Tickets are free. Booking is required.
Speakers will use microphones.
This event is wheelchair accessible.
If you have any questions around access or have specific access requirements we can accommodate, please get in touch with us by emailing info@nottinghamcontemporary.org or phoning 0115 948 9750.
The Lilac House is a queer, feminist, and working-class curatorial counter-practice by Jazz Swali and Marta Marsicka.
The Lilac House is concerned with:
A. The precarity and erasure of marginalised curators
B. The omission of curators from national and public discourse on creative capital
C. The mental health and well-being of marginalised curators
D. The need to imagine and construct curatorial futures for those on the margins
E. The value of solidarity, sustainability, safety, and security through collaborative practice
The Lilac House is creating space for critical dialogue, resistance, and joy.
Saziso Phiri is a Nottingham-based curator, producer, and artist-mentor with over a decade of experience working across the UK and internationally. Her practice focuses on first- and second-generation British diasporic artists exploring dual identity, as well as public art in informal spaces such as graffiti and street art. Passionate about supporting emerging practitioners, Saziso integrates mentorship and professional development into her curatorial work, fostering growth for artists within the first decade of their practice. She is currently Programme Manager - Culture Lab at Hood Futures Studio in Birmingham.
Ricardo Reverón Blanco is a writer, curator and mentor. He has curated contemporary exhibitions and artistic programmes for organisations such as Aspex Portsmouth, Photoworks and Peckham24. He is one of four co-founders of UnderExposed, a photography platform and collective dedicated to encouraging artistic collaboration.
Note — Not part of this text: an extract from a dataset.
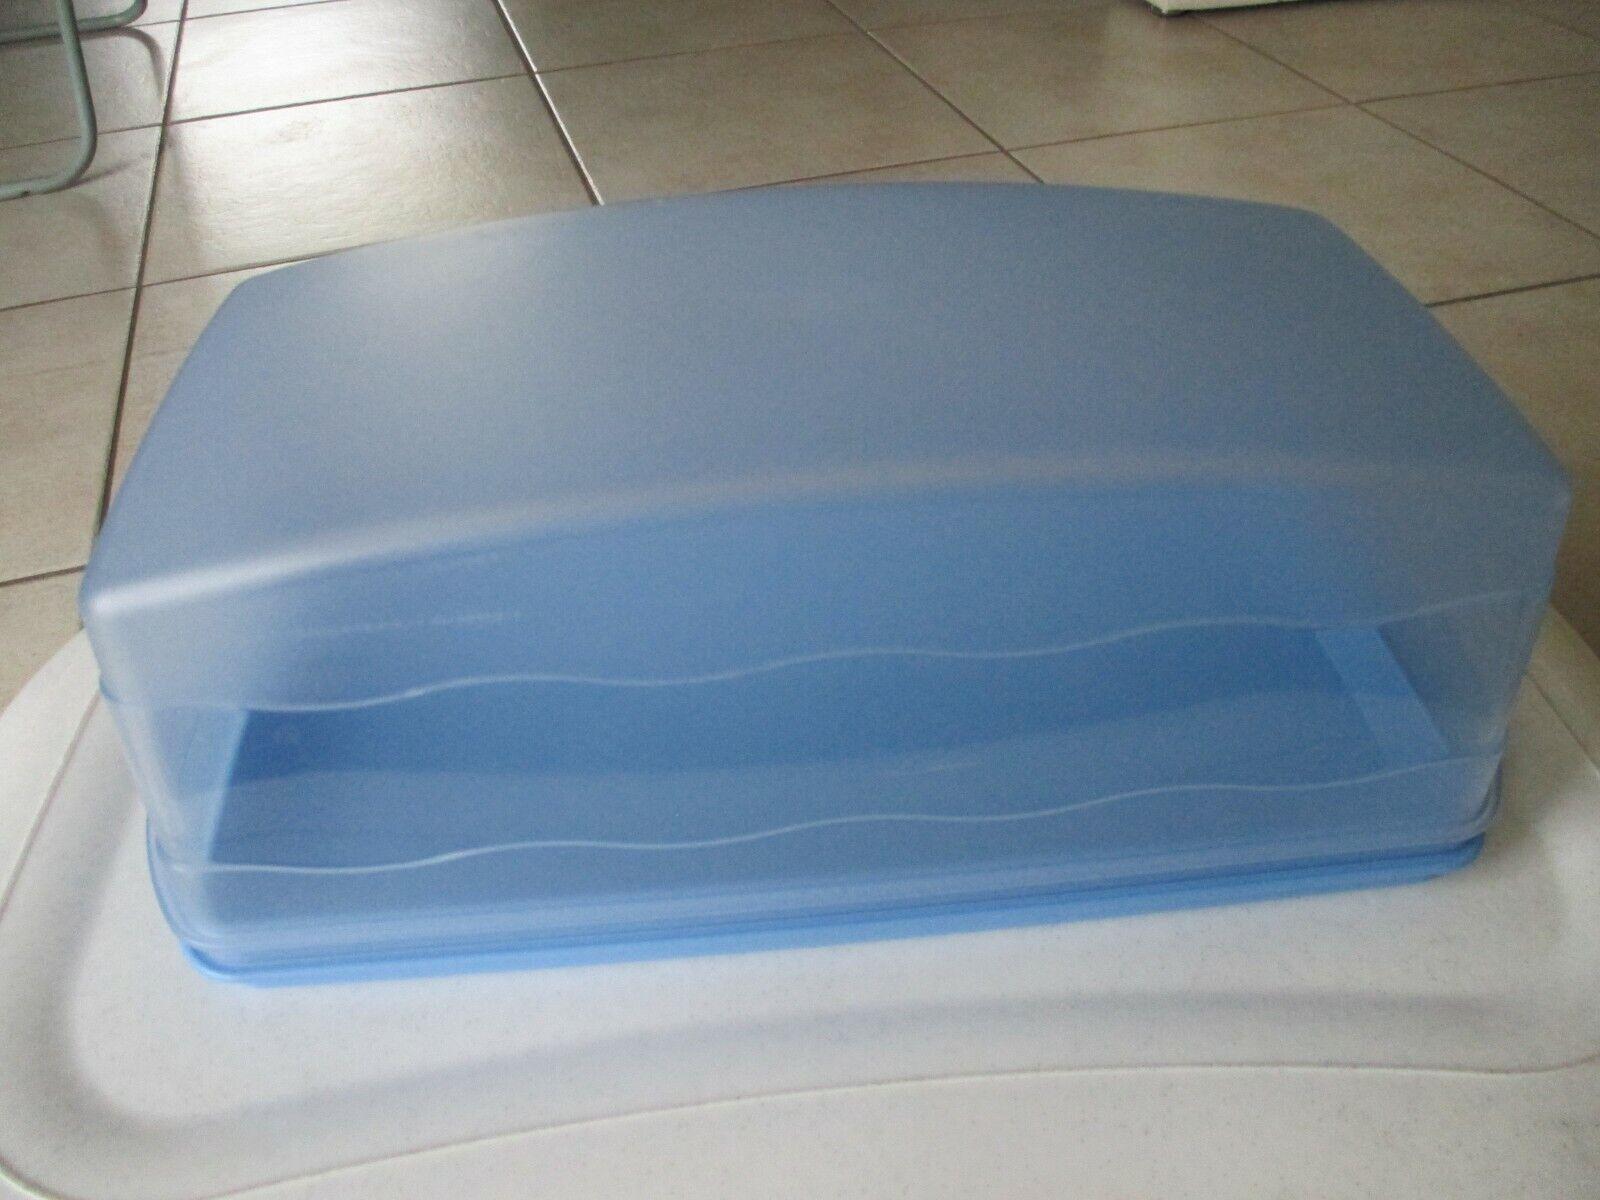 Tupperware junge Welle Kastenkuchenbehälter hellblau

Ricardo’s practice is informed by collectivity and supportive methodologies for artistic production, dissemination and assimilation.
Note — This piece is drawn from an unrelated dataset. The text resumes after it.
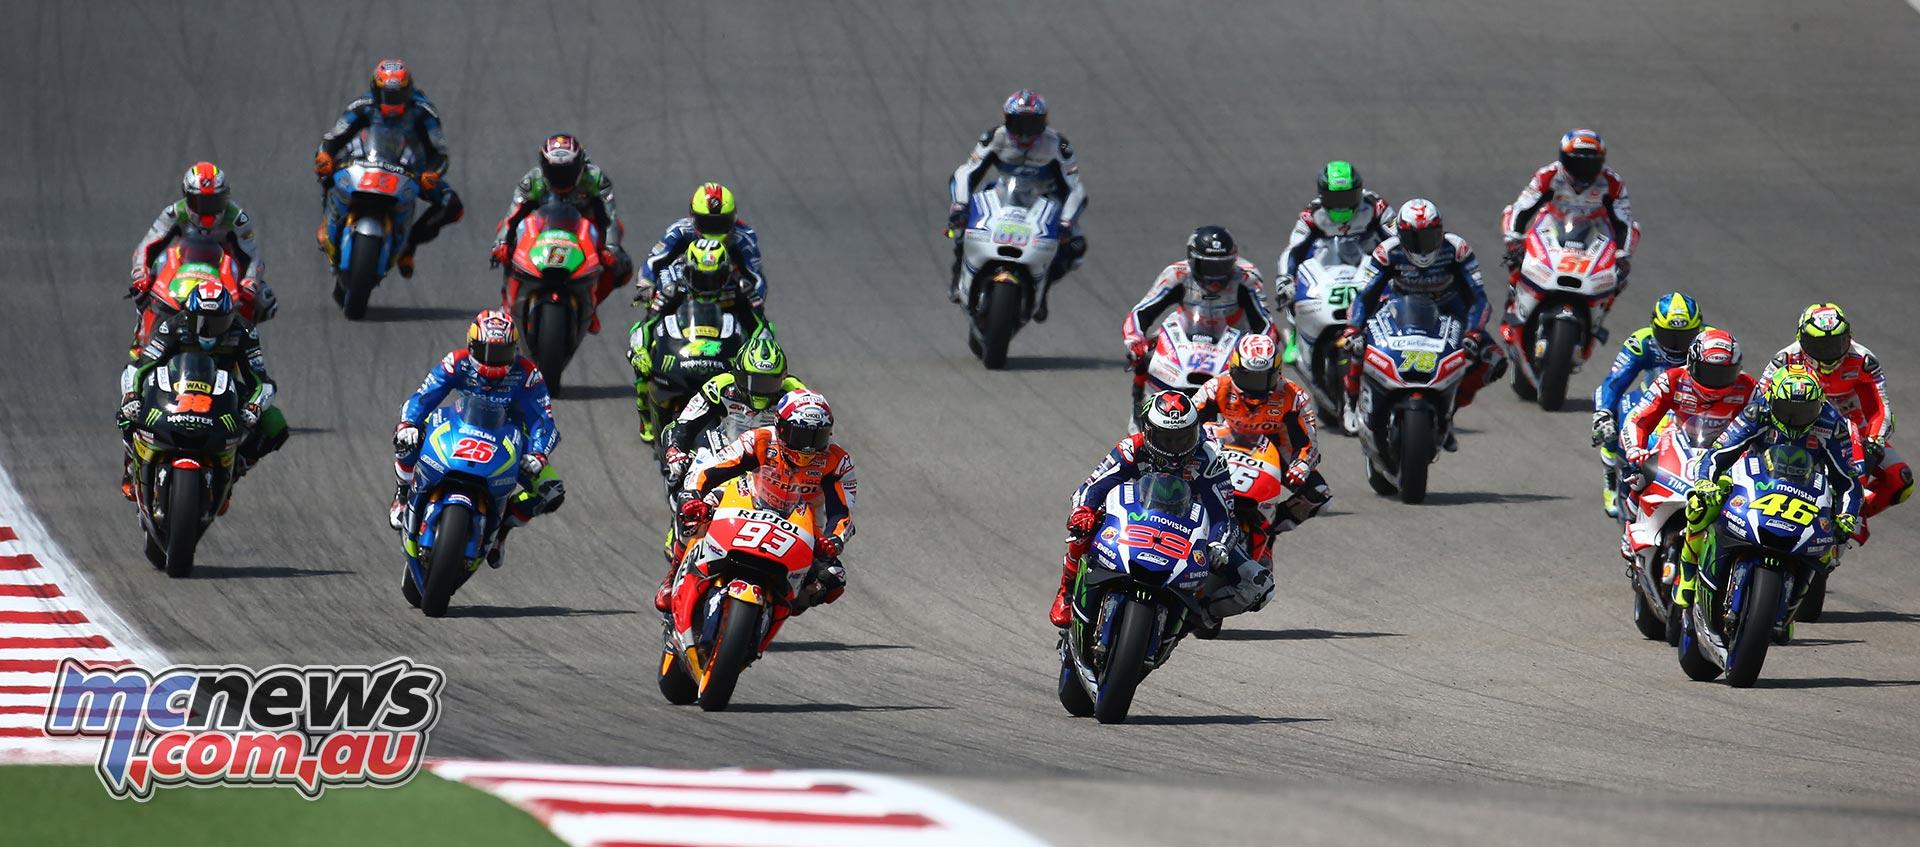 MotoGP 2016 - Circuit of Americas, Austin Texas

Recent curated exhibitions include 'Labours of Love' (2025) a queer exhibition co-curated with Gemma Rolls-Bentley featuring works by Emily Witham, Alana Lake, BoyBlue and Daira Ronzoni for UK Pride, 'Traces of the Non-Existent' (2025) by Ebun Sodipo, 'CLASSifications' (2024) featuring Dinu Li, Jamila Prowse, Jasleen Kaur and Joshua Raffell, '☰pa●○pa☴' (2023) by Rae-Yen Song, and 'Home is Not a Place' (2022) by Johnny Pitts co-curated with Shoair Mavlian amongst many others.